Mining complex dynamic data
课程网址: http://videolectures.net/ecmlpkdd2011_tutorial_mining/  
主讲教师: Myra Spiliopoulou, Irene Ntoutsi, Grigoris Tsoumakas, Arthur Zimek
开课单位: 塞萨洛尼基亚里士多德大学
开课时间: 2011-10-03
课程语种: 英语
中文简介:
近年来,许多应用需要从比传统数据(基础)记录更丰富的数据类型进行挖掘:社交网络的分析需要活动记录与内容(例如资源描述和用户记录)的组合;推荐引擎需要考虑用户评级,客户交易,项目描述和用户档案;医疗应用需要对患者进行不同类型的记录,包括疾病和药物的历史数据。
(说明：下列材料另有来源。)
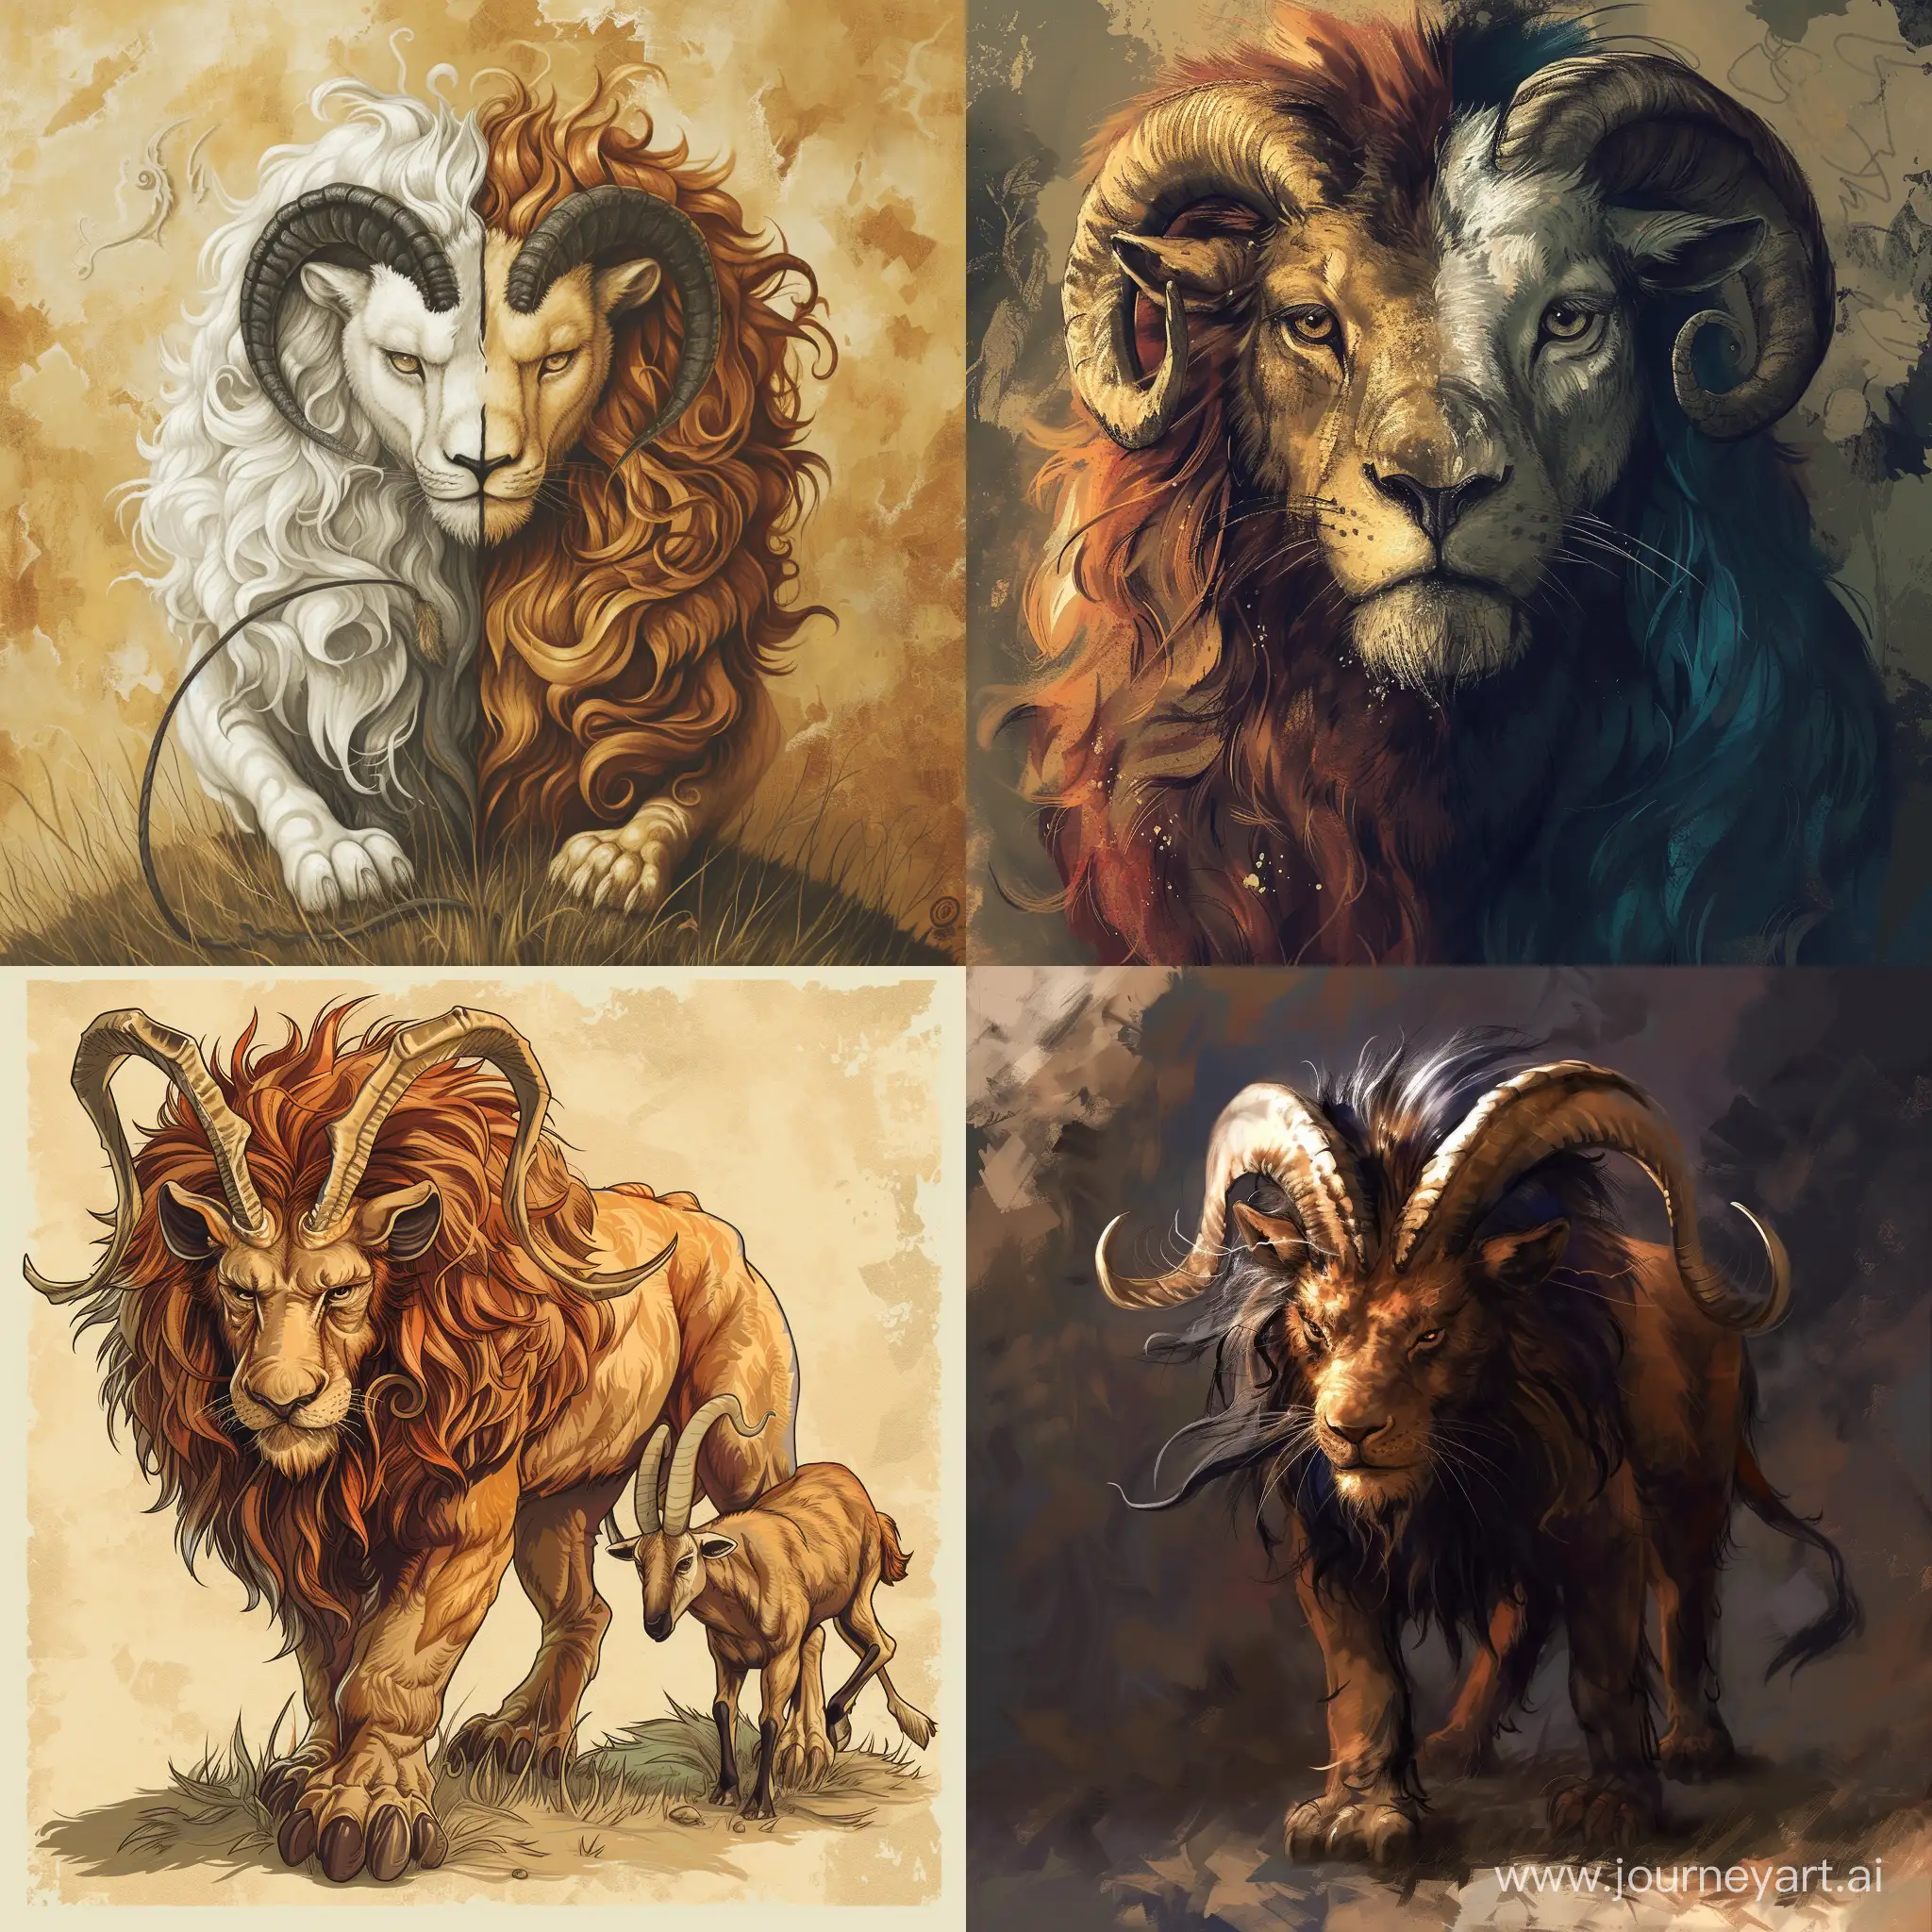 Majestic-Chimera-Mythical-Fusion-of-Lion-and-Goat-Captured-in-Stunning-Image

同时,挖掘任务变得更加精细:数据是多方面的,并且遵循许多,正交或重叠的概念;数据累积或形成流;它们是动态的,并呼吁采用采矿模型。在本教程中,我们讨论了对复杂数据的挖掘,重点放在流媒体,动态数据上的学习和适应。我们考虑三类复杂数据:遵循多个重叠标签的数据,包含有趣子空间的高维数据和数据跨越多个表。对于每个类别,我们首先提供静态挖掘方法的全面概述,然后关注动态数据的方法和示例应用程序。对于多标签流数据,我们关注文档(新闻)分类的示例应用;核心方法是使用决策树进行流分类,预测和排序。对于高维流数据,我们关注生物信息学和网络入侵的示例应用;核心方法是流子空间聚类和异常检测。对于多关系流数据,我们考虑两个示例应用程序:动态社交网络分析和不断变化的客户数据分析;核心方法是基于张量的聚类,多关系聚类和分类。目标群体是:具有扎实的数据挖掘背景的研究生;致力于传统流挖掘并面临复杂数据应用的研究学者;拥有复杂和动态数据应用程序的从业者。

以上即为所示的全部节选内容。